Well there's no need to get into specifics about documentation. Just describing an idea for a rendering technique is good enough, and then I can see if it's something new and exciting or doable without anything special.
Yes. No-one needs go into specifics. They only need discuss the possibilities of close working between a theoretical Cell based system with a fast connection to a possibly customized CPU. What sort of things can be done, especially that'd benefit from very high BW between processors? Are not GPUs still hampered by needing mesh and textures data continuous in RAM, or can these be streamed on demand from a CPU?
 
However, nothing at all comes to mind here beyond what I mentioned before. AGP and PCI-E have generally had bandwidth close to system bandwidth, so it's expected for Flex I/O to offer transfer speeds comparable to XDR's bandwidth.

Transfer speeds are public: 15 GBytes/s from CELL to RSX (RSX pulling) and 20 GBytes/s from RSX to CELL (RSX pushing)

Procedural geometry isn't particularly exciting to me, especially since you can do it (at some XDR BW cost) without any XPS-type interaction.
It gets more 'exciting' if you think about multiple processors feeding a single GPU through a single command buffer at the same time.. how would you do that on a PC without basicly a frame worth of geometry? Just think about synchronization issues..

I would very much love for nAo or some other dev to show me otherwise
Just use your fantasy :) Since you think that doing procedural geometry and/or culling/optimizing geomety is trivial (then why PC games don't do that!?) let me think about something different.
We already know that SPUs are not very good at texturing but only cause they lack a mechanism to hide texturing latencies and custom hw filtering.
In a scenario where textures access is completely regular and streamlined SPUs should rock...what about shading a scene within a deferred renderer?
Textures access would be trivial: load a NxN tile from all the g buffers onto local stores and shade the tile, dump the tile out. You don't need huge tiles as long as you can keep SPUs busy all the time (as dma transfers can run cuncurrently).
Shading time would be more or less predictable in such a rendering scheme so it would be possible to split the work among RSX and a bunch of SPUs with a decent approximation making sure both parties are working most of the time.
The problem is..only a crazy dev would risk to adopt an approach like that on a first generation game.
[BTW is there any name for RSX's ability to control SPUs? XPS - XBox Procedural Synthesis - is the analogue on the 360, AFAIK. Again, if anyone knows more, please share.]
No fancy names, sorry, maybe we can invent one..
 
It gets more 'exciting' if you think about multiple processors feeding a single GPU through a single command buffer at the same time.. how would you do that on a PC without basicly a frame worth of geometry? Just think about synchronization issues..
Yeah but we're not talking about a PC. You could have a few small buffers, poll RSX's command buffer pointer every time the SPU job manager is ready to dispatch another task, and start filling an empty buffer when appropriate.

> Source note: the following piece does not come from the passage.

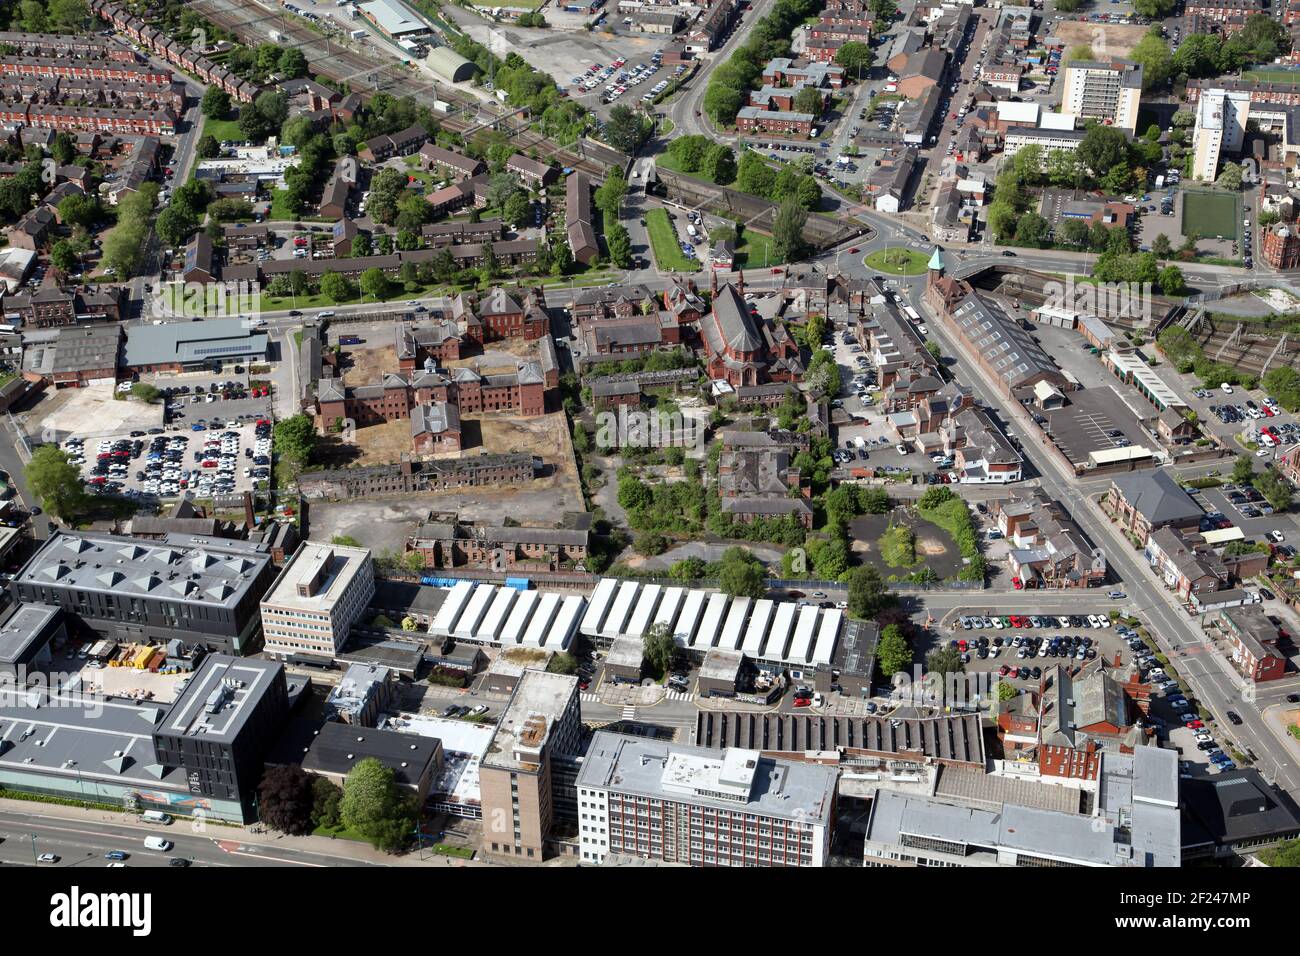 Vista aerea dall'est dell'area tra Wellington Road South e Shaw Heath a Stockport, Greater Manchester. Compreso Stockport College. Foto Stock

Just use your fantasy :) Since you think that doing procedural geometry and/or culling/optimizing geomety is trivial (then why PC games don't do that!?) let me think about something different.
I never said it's trivial, I just said it doesn't excite me. As for PC devs, I think it's more that using artists is a lot easier than using procedural models. ATI and NVidia already buffer frames of data in games using dynamic VBs AFAIK because they have gobs of system RAM to use. Most of the time procedural synthesis is better suited to demos than real games.
We already know that SPUs are not very good at texturing but only cause they lack a mechanism to hide texturing latencies and custom hw filtering.
In a scenario where textures access is completely regular and streamlined SPUs should rock...what about shading a scene within a deferred renderer?
Textures access would be trivial: load a NxN tile from all the g buffers onto local stores and shade the tile, dump the tile out. You don't need huge tiles as long as you can keep SPUs busy all the time (as dma transfers can run cuncurrently).
Shading time would be more or less predictable in such a rendering scheme so it would be possible to split the work among RSX and a bunch of SPUs with a decent approximation making sure both parties are working most of the time.
The problem is..only a crazy dev would risk to adopt an approach like that on a first generation game.
Okay, that's a pretty novel idea, but I'm unconvinced that you gain much out of it. It seems like the SPUs couldn't offer too much help, especially since 6 SPUs running at 100% efficiency still couldn't match RSX's speed. IMO the cool lighting shaders need texture access too (weren't you preaching the advantages of forward shadow mapping?), so they wouldn't run well on an SPU. Finally, I'm not a fan of deferred shading as you could probably tell from the deferred shading thread, because there's too many extra operations and too much BW-eating data flow.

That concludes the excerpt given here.